Abstracts

To date, Vagus Nerve Stimulation (VNS) is the only FDA approved effective electrical stimulation treatment of epilepsy. Although recent studies hypothesize how VNS effectively reduces seizure frequency in many medication refractory patients, its mechanism of action remains unclear.
Human studies of scalp recorded EEG have shown variable results with respect to VNS related changes. Although some EEG studies demonstrate changes in occurrence of interictal epileptiform discharges with VNS, corresponding electrocorticography (ECoG) studies are virtually nonexistent. To our knowledge, there have been no frequency analyses of ECoG with VNS. Power spectra demonstrate the relative power of regional cortical activity at a broad range of frequencies. Coherence is the cross-correlation of frequency content between regions.

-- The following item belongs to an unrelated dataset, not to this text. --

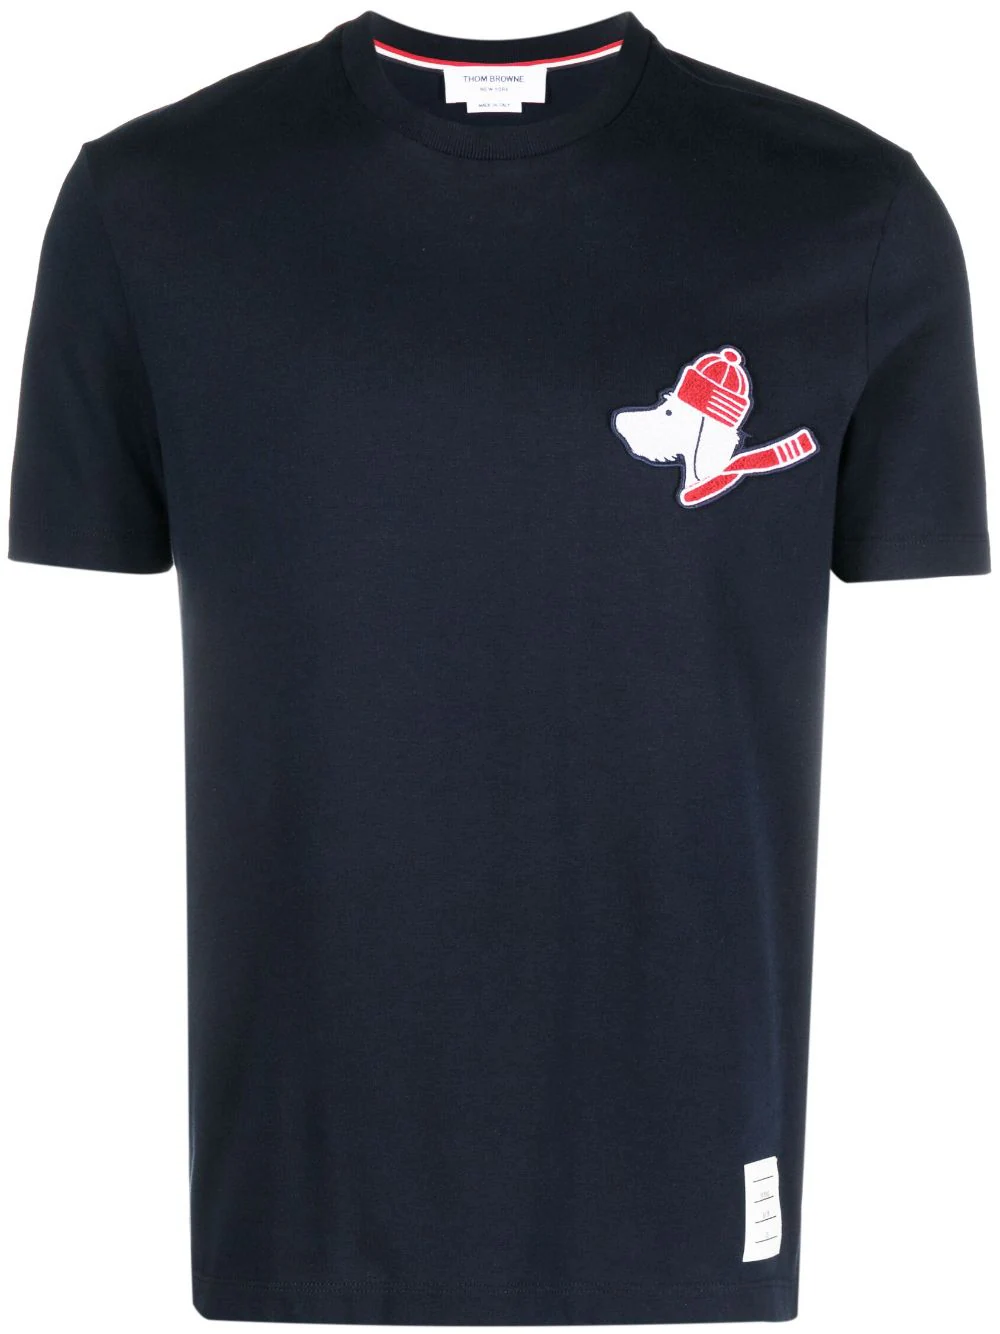 Short Sleeve Tee W/ Hector W/ A Hat Chenille Embroidery In Med Weight Jersey Navy

In this study, we analyze the effects of VNS on power spectra and coherence of interictal ECoG. Two patients with medication refractory seizures and functioning VNS were admitted to our epilepsy monitoring unit for intracranial EEG monitoring for epilepsy surgery evaluation. ECoG was recorded with subdural electrodes placed over the most active cortical regions, as determined by video-EEG scalp recordings. 12 hours of continuous video-ECoG were recorded, 6 hours prior to turning VNS ON, and 6 hours after. Two hours of ECoG were analyzed, one hour with VNS ON and one hour with VNS OFF. Power and coherence spectra during these two epochs were compared for regions with greatest interictal epileptiform activity. In patient 1 a broad reduction in ECoG power occurred with VNS ON. For patient 2 the opposite effect was observed. For patient 1, the coherence between adjacent electrode pairs was decreased at lower frequencies (3-7 Hz) with VNS ON, but was unchanged at the remaining frequencies. A broad peak in coherence at 7-9 Hz (the interictal spike rate) occurred with VNS ON for patient 2. Above 11 Hz there was a broad decrease in coherence with VNS ON for patient 2. VNS had opposite effects on ECoG power spectra from the two patients.
VNS resulted in opposite changes in ECoG coherence at lower frequencies, and a broad decrease in ECoG coherence in one patient at higher frequencies.
Different patterns of ECoG frequency response to VNS can occur both within and between regions. This may reflect different mechanisms of action for VNS.
Further frequency analyses of ECoG in these and other patients will be performed to determine the different patterns of change with VNS in regions adjacent to and remote from the epileptic focus. This could elucidate what response patterns can be predictive indices of VNS efficacy.